Menschen mit Demenz haben oft eine längere Verweildauer in Hospizprogrammen. Die Vermeidung intensivmedizinischer Maßnahmen in der terminalen Phase erhöht nicht nur die Lebensqualität der Betroffenen. Sie reduziert auch die psychische Belastung pflegender Angehöriger, die häufig unter ethischen Konflikten leiden.
Dramatischer Anstieg der Fallzahlen erwartet
Die Dringlichkeit der Maßnahmen wird durch Prognosen unterstrichen. Bis 2040 könnte sich die Zahl der Betroffenen, die spezialisierte Unterstützung am Lebensende benötigen, mehr als verdoppeln. In England und Wales rechnen Experten beispielsweise mit bis zu 676.000 Betroffenen.

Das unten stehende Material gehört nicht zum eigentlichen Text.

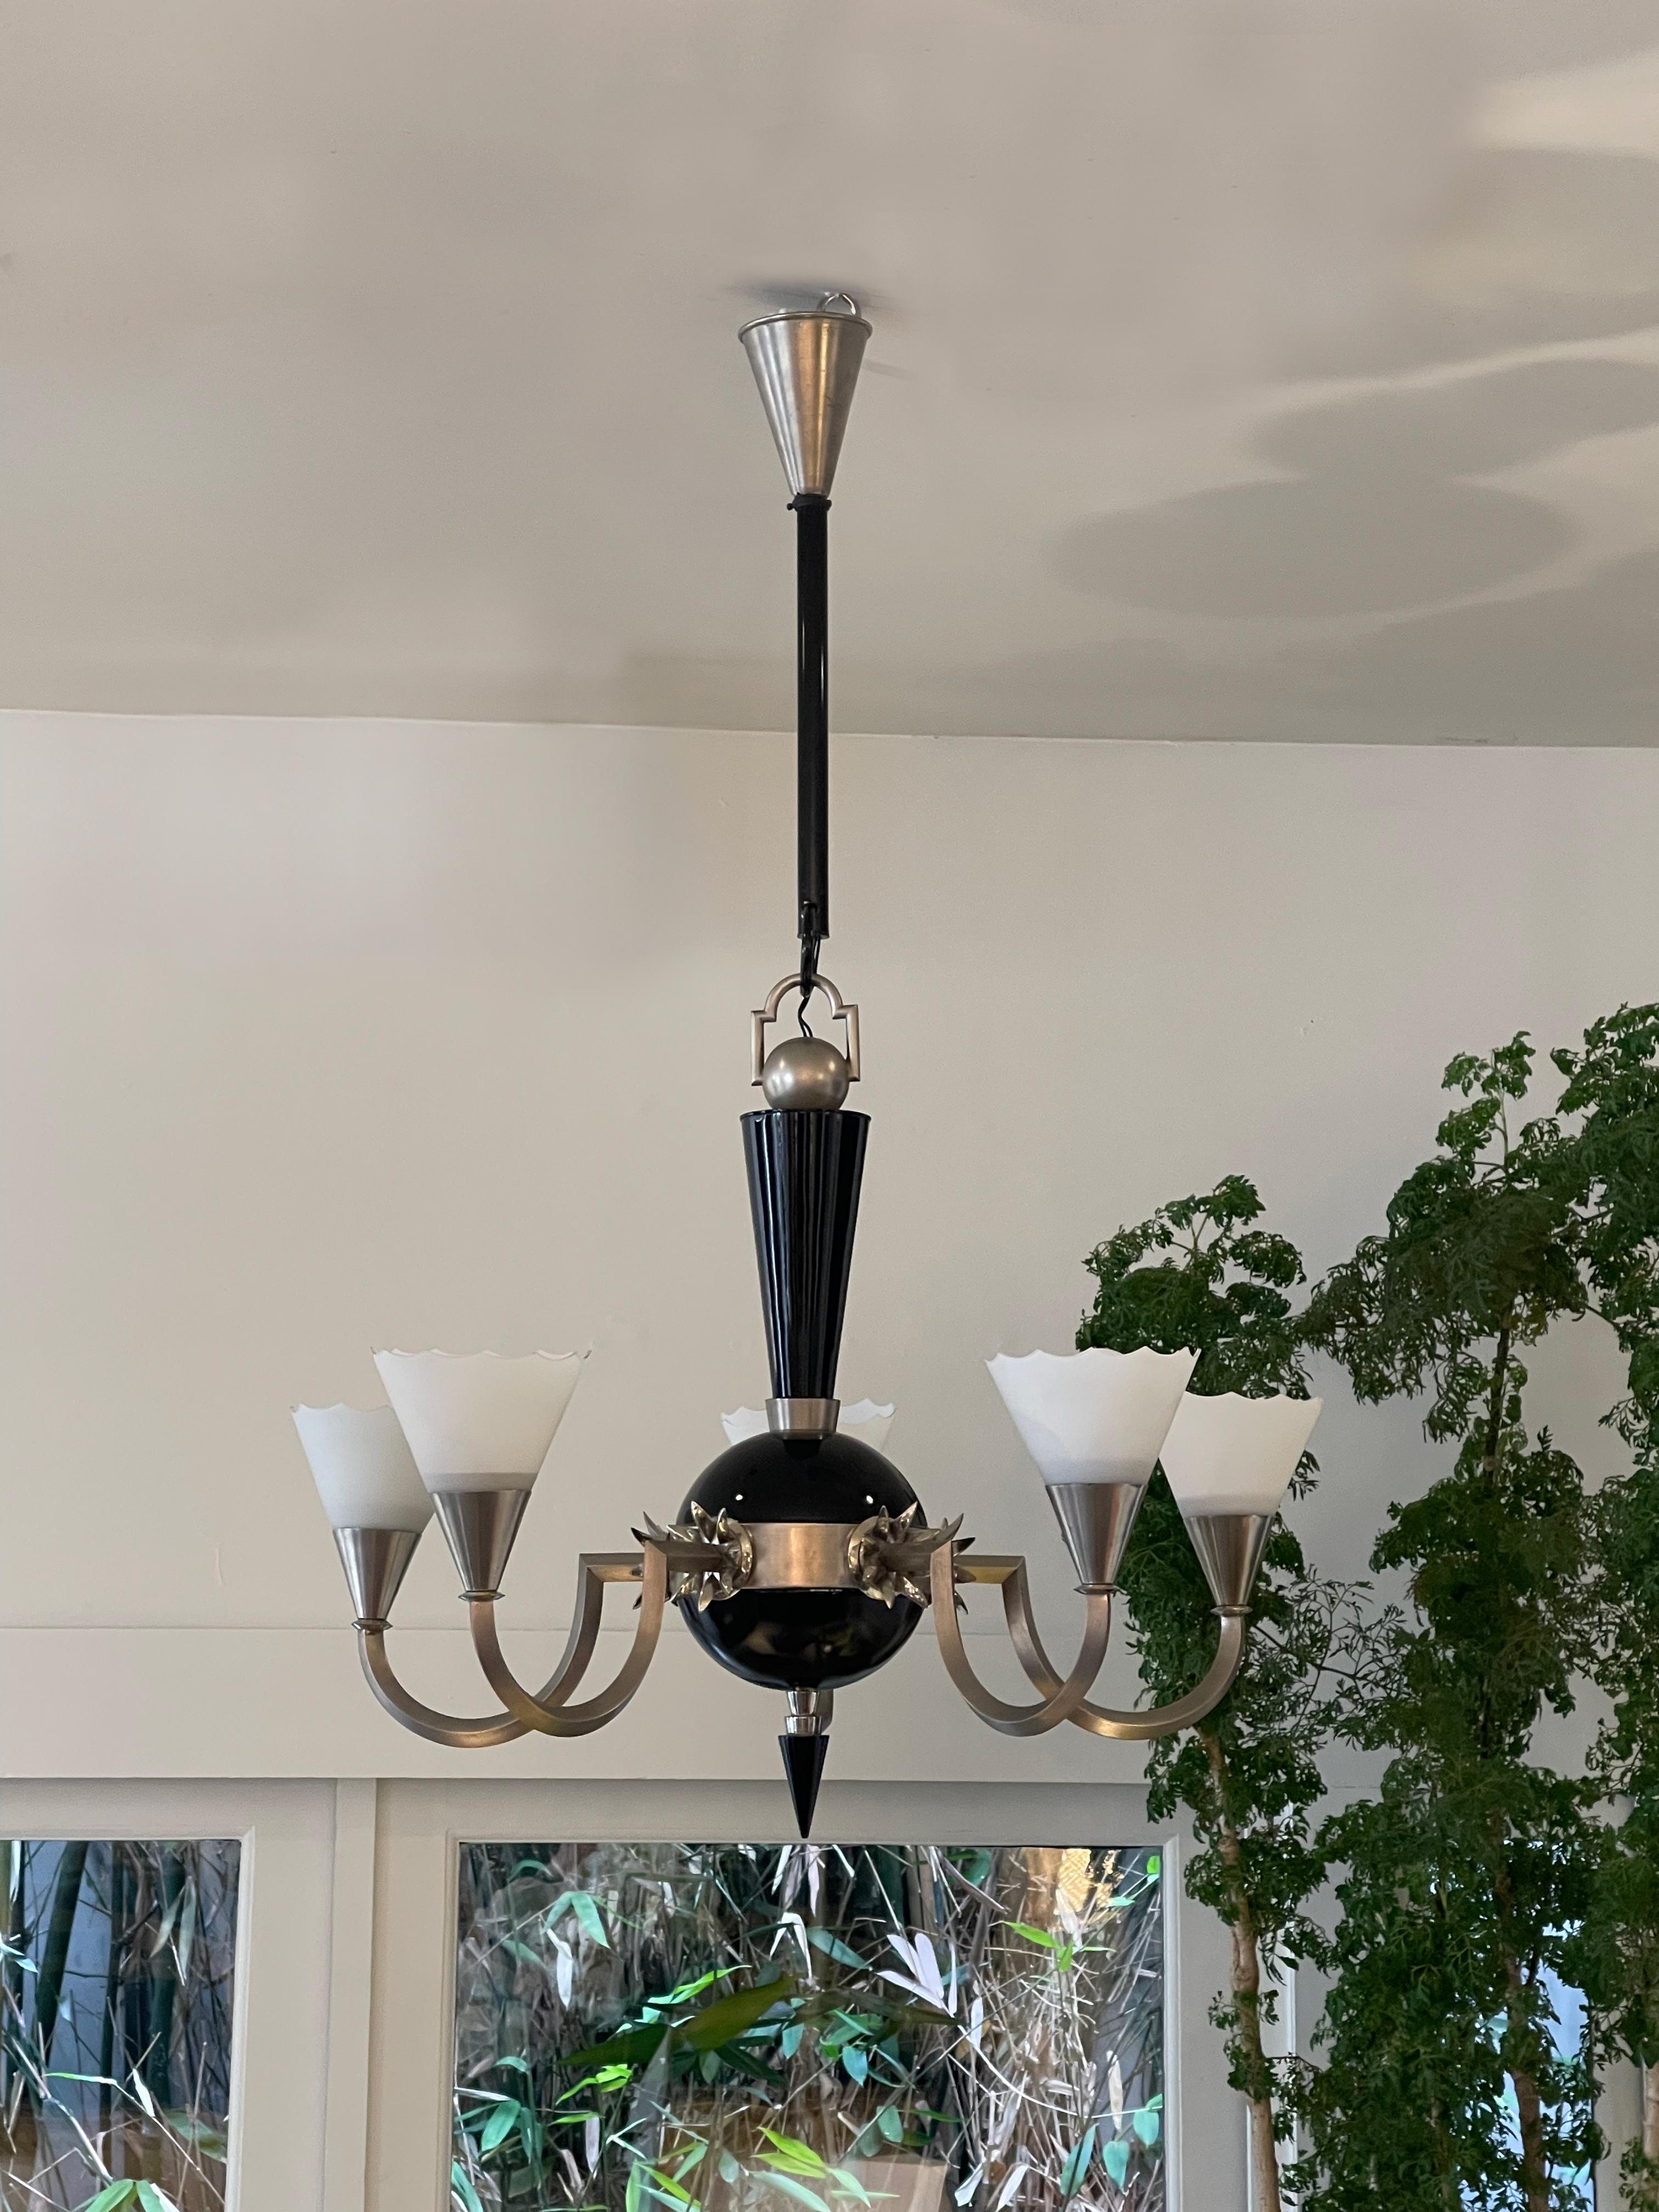 Five-arm chrome chandelier with stylized floral leaves jutting out by arms. Center ball, spike and stem are all black lacquer. Five delicate milk glass shades with a scallop trim.

Diese Entwicklung stellt Gesundheitssysteme weltweit vor enorme Herausforderungen. Aktuelle Strukturen sind oft nicht auf diesen Anstieg vorbereitet. Vielerorts mangelt es an Fachkräften mit doppelter Qualifikation in Palliativmedizin und Demenz. Initiativen wie das neue Curriculum bilden daher eine wichtige Basis für eine Infrastruktur, die auf menschliche Würde ausgerichtet ist.